Microsoft GRIN MoE: A Gradient-Informed Mixture of Experts MoE Model 6.6b
Ranks better
In benchmarks? Or in real tests. One is useful the other has zero real value.
There's 4 killers in the room. Since when does dying make you not a killer?
Good point.
Hey Matt, nice video. But I don’t think it’s as impressive as you put it. I am sure the llama3.1’s performance was comparable
It wasn’t available in a 1 and 3 b model.
Lovin' the channel. 👍👍It'll be great once Ollama supports vision
Ollama does support vision today. The llama3.2 vision should be very soon
Great content. Could you briefly describe the machine you use for this task? You mentioned 3 seconds…
I usually do and forgot this time. M1 Max MacBook Pro with 64gb. A machine you can get for about 1500 usd today.

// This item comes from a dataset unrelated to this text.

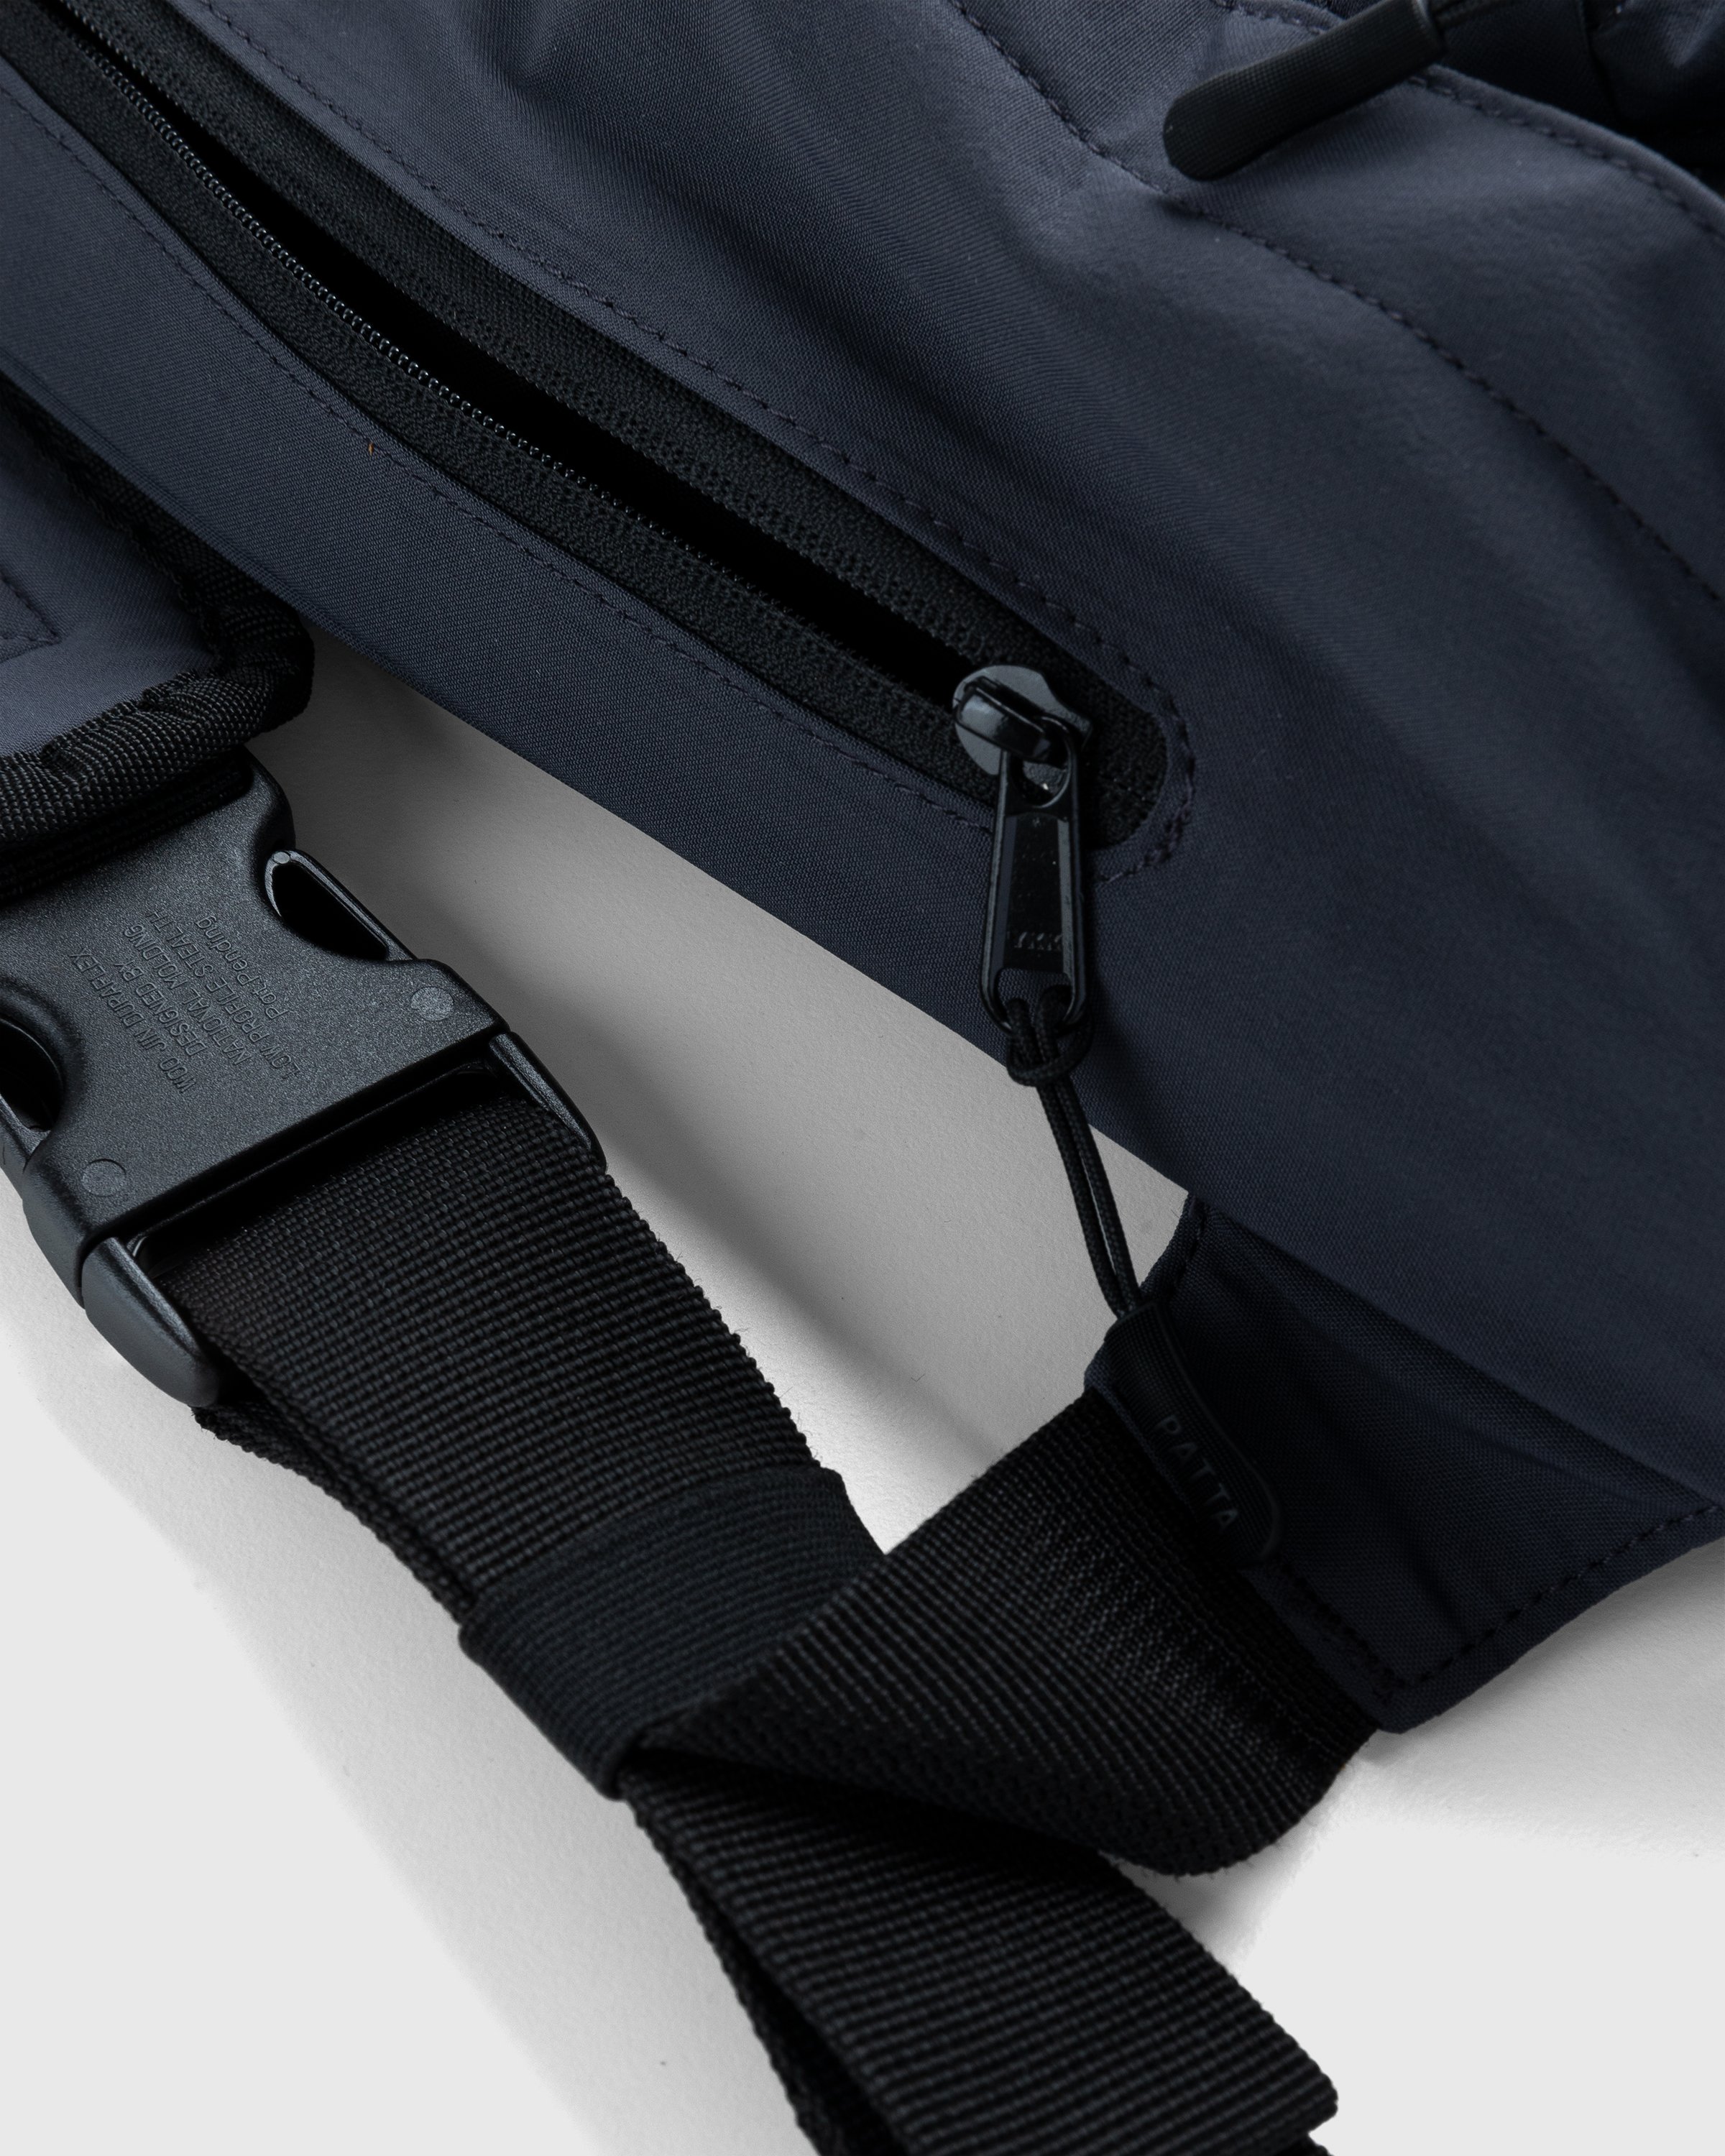 Patta – N039 Sling Bag Charcoal | Highsnobiety Shop

Which hardware setup you have ?
I'm on a m1 MacBook Pro Max with 64GB RAM
ollama run llama3.2:1b
Error: llama runner process has terminated: signal: abort trap error:done_getting_tensors: wrong number of tensors; expected 147, got 146
any idea about this error?
You need to update ollama. You should always update whenever there is a new version.
ok ,I will try it , maybe it is GFW issue, thanks.
when is ollama getting the vision models anyone know?
The team is working on it.
@@technovangelist awesome, thanks Team!
Thank you for the video. What is the tool you use for writing?
Obsidian. And the plugin for it was companion
Thanks!
First test I did was "what number is larger 9.9 or 9.11?" and it insisted 9.11 was bigger. When is 2.3 out?
It's amazing how such a small model is smarter than you?